> **TASK ITEM**: With the pictures left out, retype exactly the lines below starting at the line that contains "Data Analysis and Interpretation Manual" and ending at the line that contains "Israhel van Meckenem;".

> **SOURCE RECORDS**:

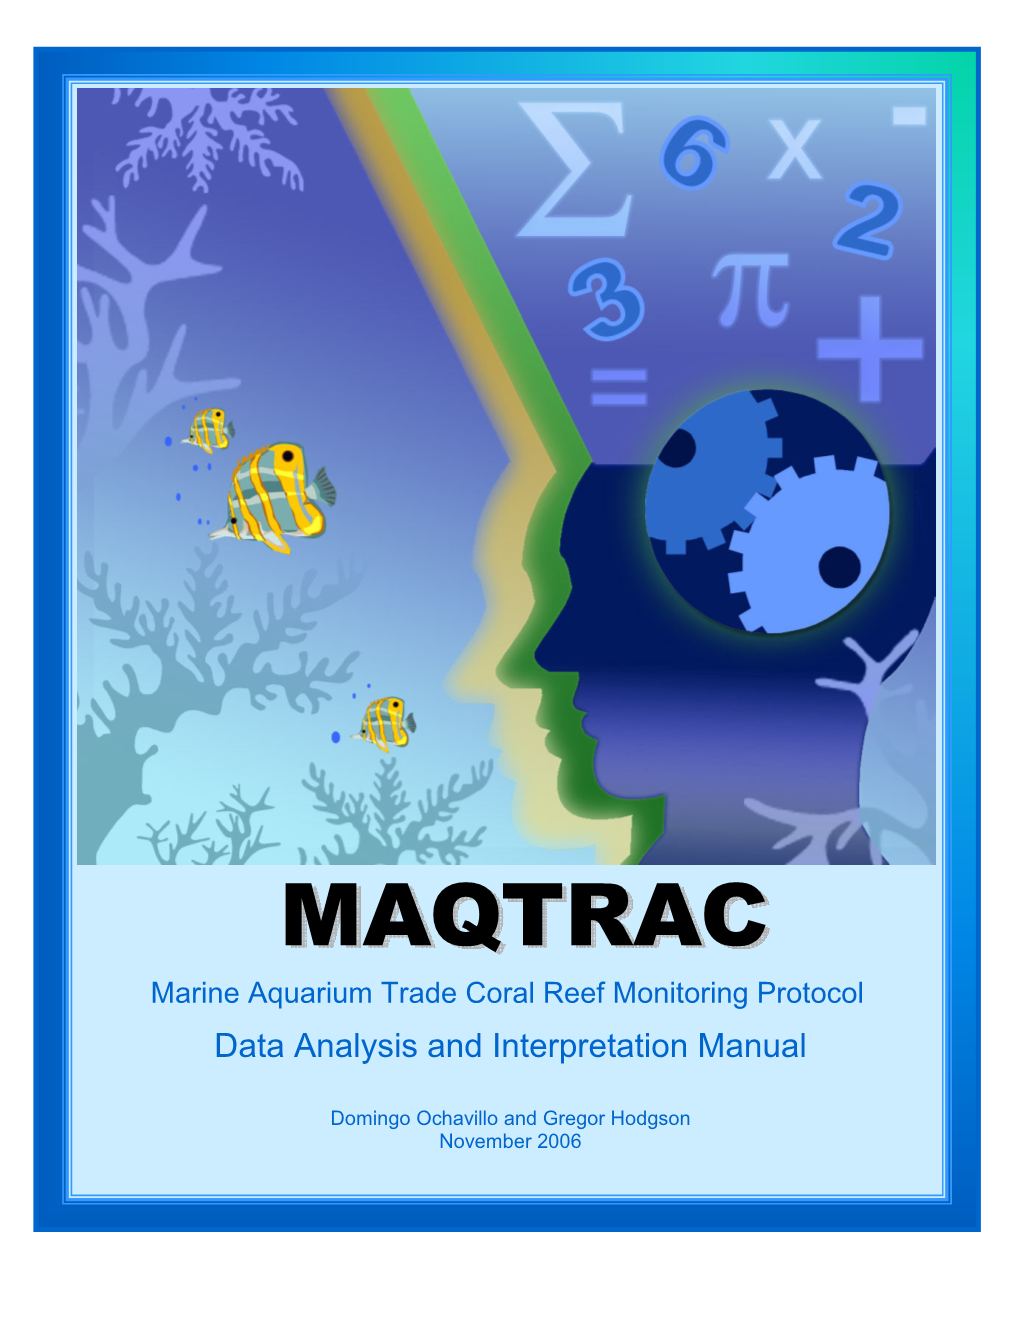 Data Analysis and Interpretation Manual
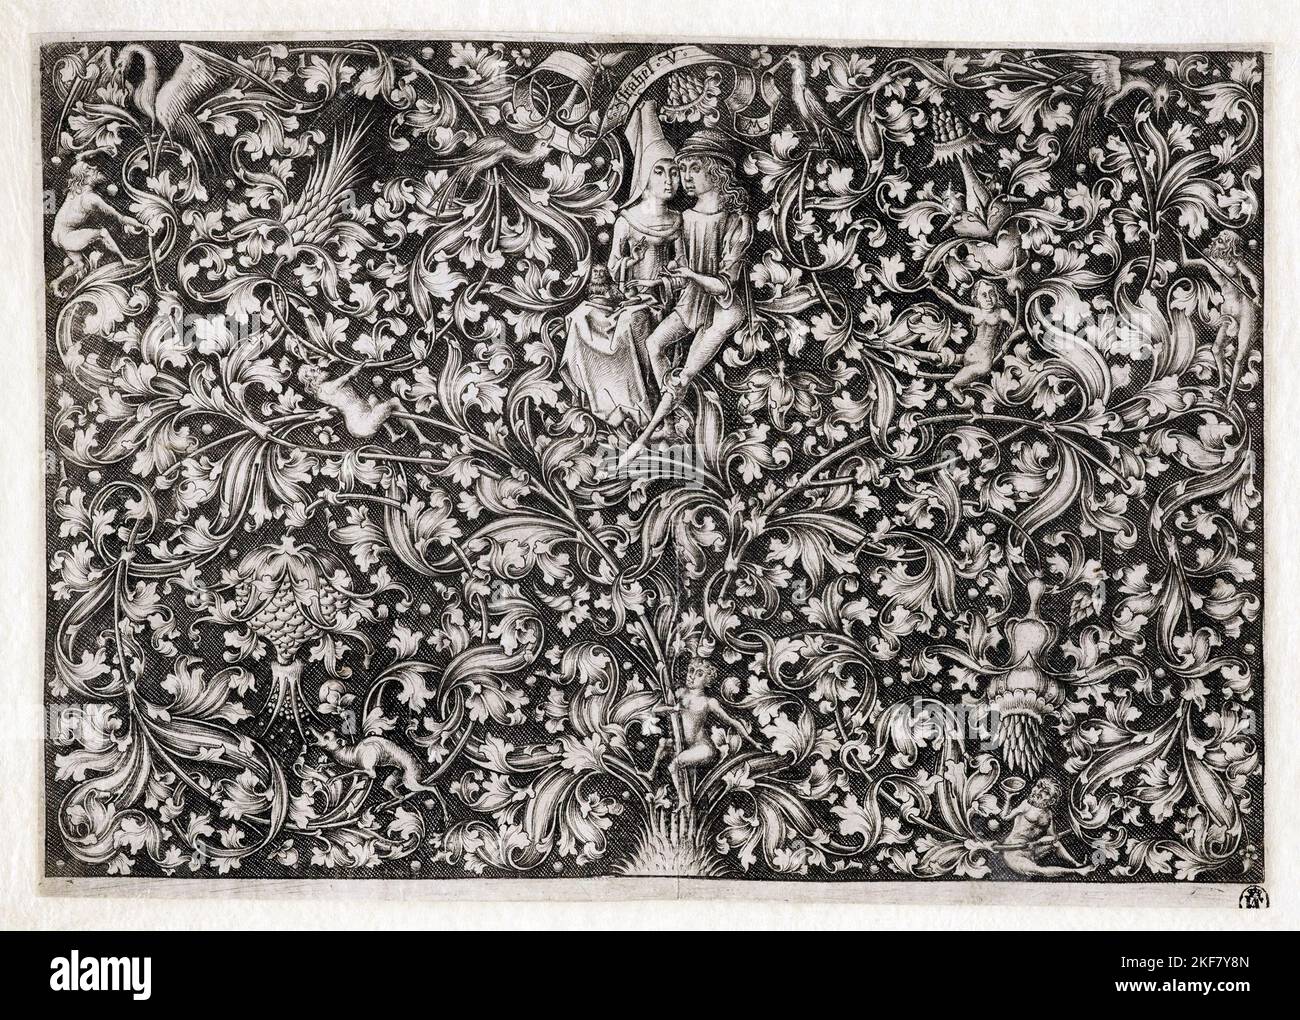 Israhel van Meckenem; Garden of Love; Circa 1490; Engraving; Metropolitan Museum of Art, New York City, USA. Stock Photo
---
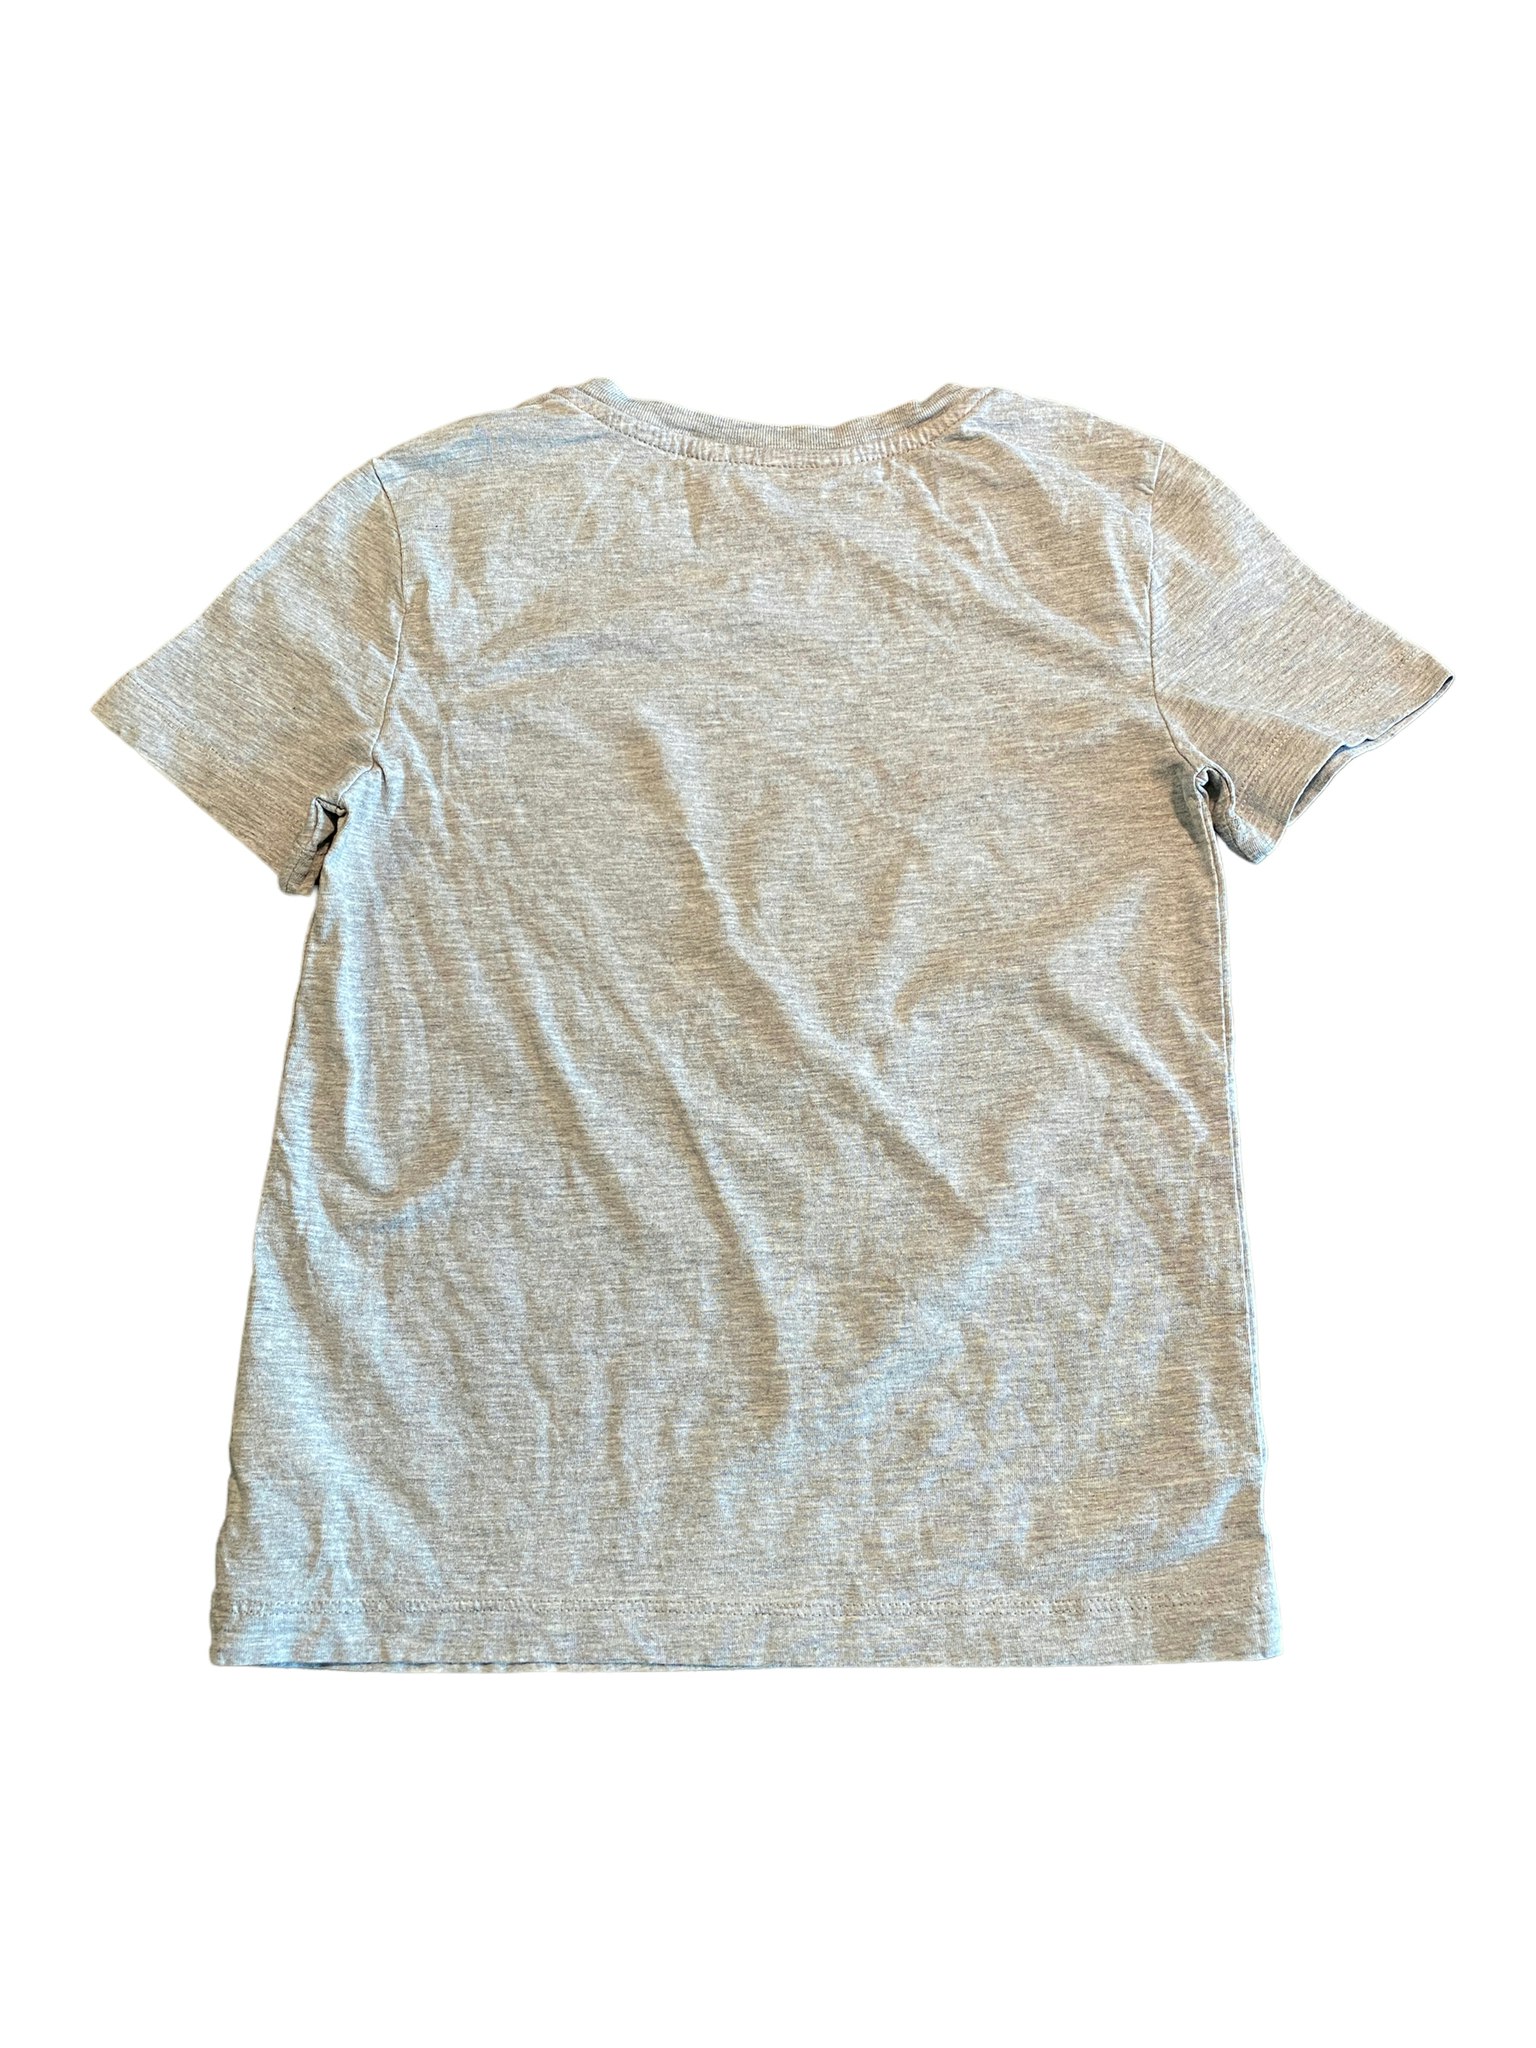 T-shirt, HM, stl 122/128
---
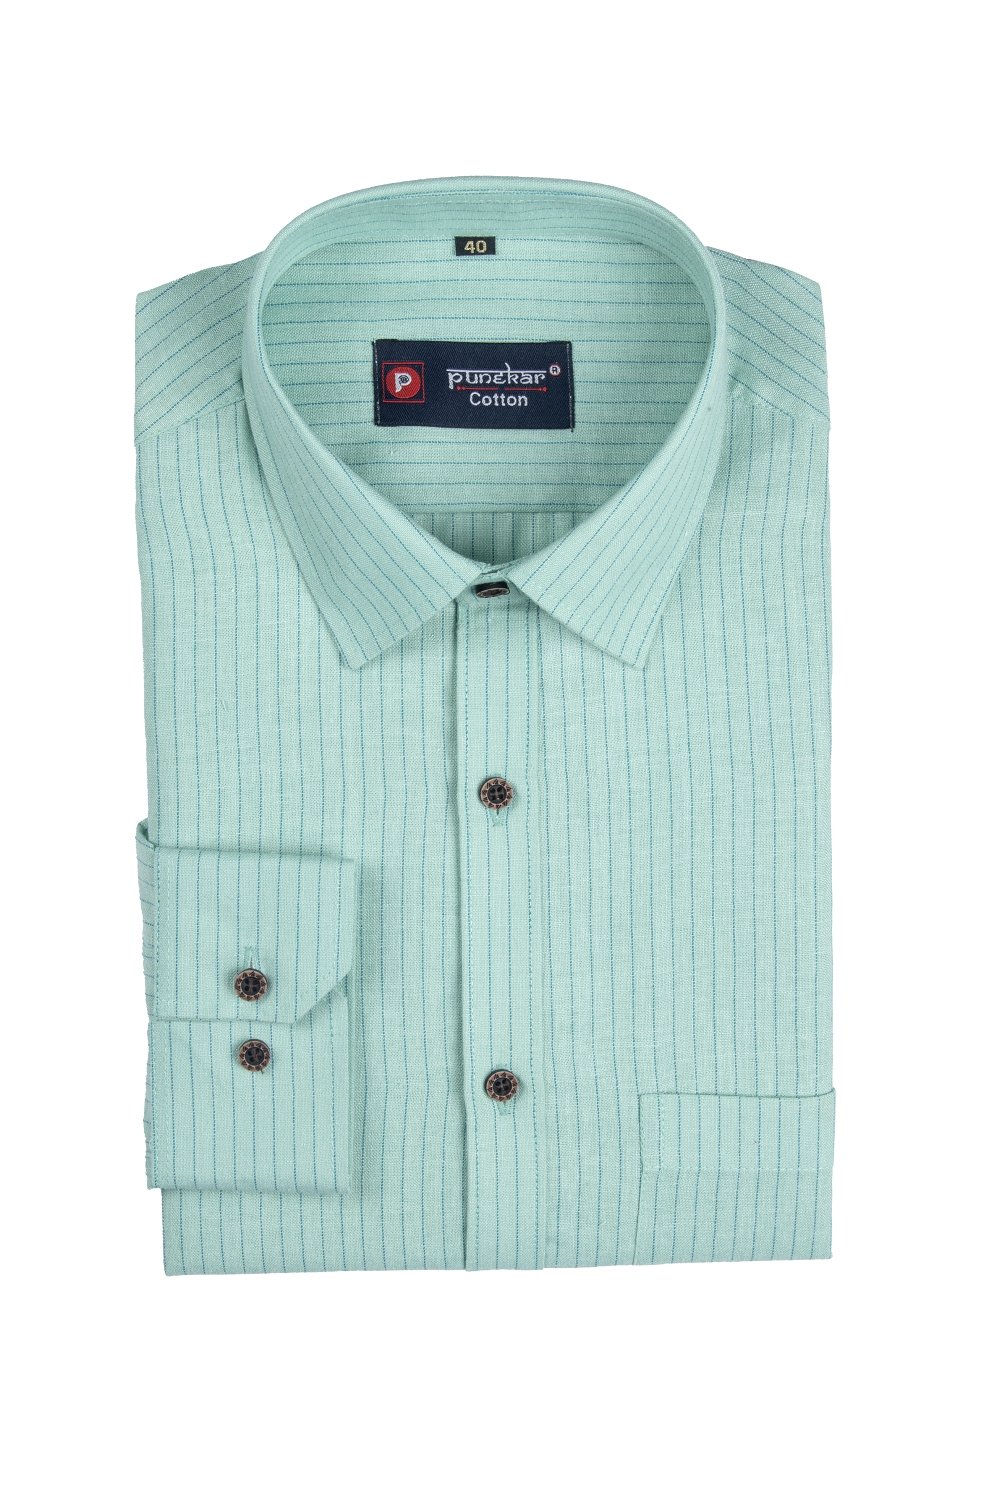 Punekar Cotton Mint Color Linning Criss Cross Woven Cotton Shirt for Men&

> **SOLUTION TO THIS TASK**:
 Data Analysis and Interpretation Manual
 Israhel van Meckenem; Garden of Love; Circa 1490; Engraving; Metropolitan Museum of Art, New York City, USA. Stock Photo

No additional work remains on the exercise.